Listen up, people -- this is NOT the way to develop a good rapport with your readers. Do you think I'm going to remember to keep checking back on ap.org (not that I was told where to look for more info) to see if the thing has launched?

Sigh.

How to identify a new media journalist

BusinessWeek online has posted a piece (I hesitate to describe it more specifically) entitled, "Should journalists link their work to their bios?"

IMHO, the key statement is this: "If we all embrace our biases, than the entire universe of news will turn into nothing but opinion. Is that the future we want?"

That is the fundamental question dividing 'traditional' journalists from those who embrace the growing influence of blogging on the media. I'm not saying that all journalists can be easily categorized into one of two groups, but almost any journalist worth his or her salt gets a consternated look on their face when asking how they feel about it (assuming they haven't already made up their minds...)

Via JD Lasica's New Media Musings.

First Amendment survey update

I just came across a post on jprof.com that adds some context to the horrifying survey of high school students' attitudes about the First Amendment. Jim Stovall points out that surveys of the American population as a whole show similar results. So it seems the country as a whole doesn't understand the importance of the First Amendment. That makes me feel... a whole lot worse.

Tuesday, February 01, 2005

A sign of the coming apocalypse

I'm cringing as I write this. From a Jan. 31 AP story:

"...when told of the exact text of the First Amendment, more than one in three high school students said it goes "too far" in the rights it guarantees. Only half of the students said newspapers should be allowed to publish freely without government approval of stories."

The worst part is that I'm not sure who to blame for this: parents, the schools, the media, or all of the above. If there is one undeniable indicator of America's decline, this is it. We've done a lot of stupid things as a country during the last 215 years, but we could always consider ourselves enlightened (no I'm not being sarcastic, I really mean this) because we have the Bill of Rights. The US ranks behind European countries on many measures of civilization, but no other country can rival our protection of freedom of speech. If the next generation doesn't understand its importance, we are truly doomed.

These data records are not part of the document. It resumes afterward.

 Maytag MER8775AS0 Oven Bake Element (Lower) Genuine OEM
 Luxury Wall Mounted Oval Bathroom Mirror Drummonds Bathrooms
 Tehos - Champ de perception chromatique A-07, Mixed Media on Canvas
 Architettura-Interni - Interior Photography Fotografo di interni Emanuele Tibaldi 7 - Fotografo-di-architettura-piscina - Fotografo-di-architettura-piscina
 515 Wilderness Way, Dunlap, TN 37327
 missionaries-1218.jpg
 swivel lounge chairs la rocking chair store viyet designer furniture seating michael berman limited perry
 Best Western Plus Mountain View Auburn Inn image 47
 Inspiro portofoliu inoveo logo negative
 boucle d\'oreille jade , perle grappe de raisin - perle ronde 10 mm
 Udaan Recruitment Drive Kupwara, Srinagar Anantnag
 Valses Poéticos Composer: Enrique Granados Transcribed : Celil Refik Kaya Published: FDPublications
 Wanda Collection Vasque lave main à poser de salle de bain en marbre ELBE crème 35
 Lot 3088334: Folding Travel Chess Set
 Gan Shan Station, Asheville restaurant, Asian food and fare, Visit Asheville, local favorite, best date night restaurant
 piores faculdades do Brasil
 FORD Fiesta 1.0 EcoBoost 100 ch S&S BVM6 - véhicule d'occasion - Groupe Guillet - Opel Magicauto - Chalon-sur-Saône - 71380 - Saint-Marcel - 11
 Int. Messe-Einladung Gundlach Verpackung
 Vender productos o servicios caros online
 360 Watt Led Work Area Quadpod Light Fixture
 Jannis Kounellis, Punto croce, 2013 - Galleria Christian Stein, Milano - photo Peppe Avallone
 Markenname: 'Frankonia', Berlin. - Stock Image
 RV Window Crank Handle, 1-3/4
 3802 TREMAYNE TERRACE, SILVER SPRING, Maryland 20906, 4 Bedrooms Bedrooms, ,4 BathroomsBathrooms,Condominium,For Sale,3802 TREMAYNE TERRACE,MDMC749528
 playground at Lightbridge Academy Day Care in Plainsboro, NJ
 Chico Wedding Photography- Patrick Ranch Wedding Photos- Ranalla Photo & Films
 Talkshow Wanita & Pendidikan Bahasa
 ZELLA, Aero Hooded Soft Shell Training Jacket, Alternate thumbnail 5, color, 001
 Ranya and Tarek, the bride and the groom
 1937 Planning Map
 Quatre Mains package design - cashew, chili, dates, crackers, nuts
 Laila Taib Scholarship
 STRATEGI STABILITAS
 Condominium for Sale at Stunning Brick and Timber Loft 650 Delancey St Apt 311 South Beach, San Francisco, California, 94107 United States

I have always said that focusing on education is the one step I am sure we can take to improve our society and the lives of the people in it. Now that I am aware of this flagrant misconception, I pledge to shout the First Amendment from the rooftops and explain its importance to allcomers. So let me start here, in case you don't remember the exact wording:

"Congress shall make no law respecting an establishment of religion, or prohibiting the free exercise thereof; or abridging the freedom of speech, or of the press; or the right of the people peaceably to assemble, and to petition the Government for a redress of grievances."

I'm going to post this on my office door. I'm going to hand it out to all my students. I'm going to find other ways to educate as many people as I can about the importance of the First Amendment. I'd love to hear any ideas you might have. If you're looking for more information, check out the First Amendment Center.

I hope this trend can be reversed, for all of our sakes.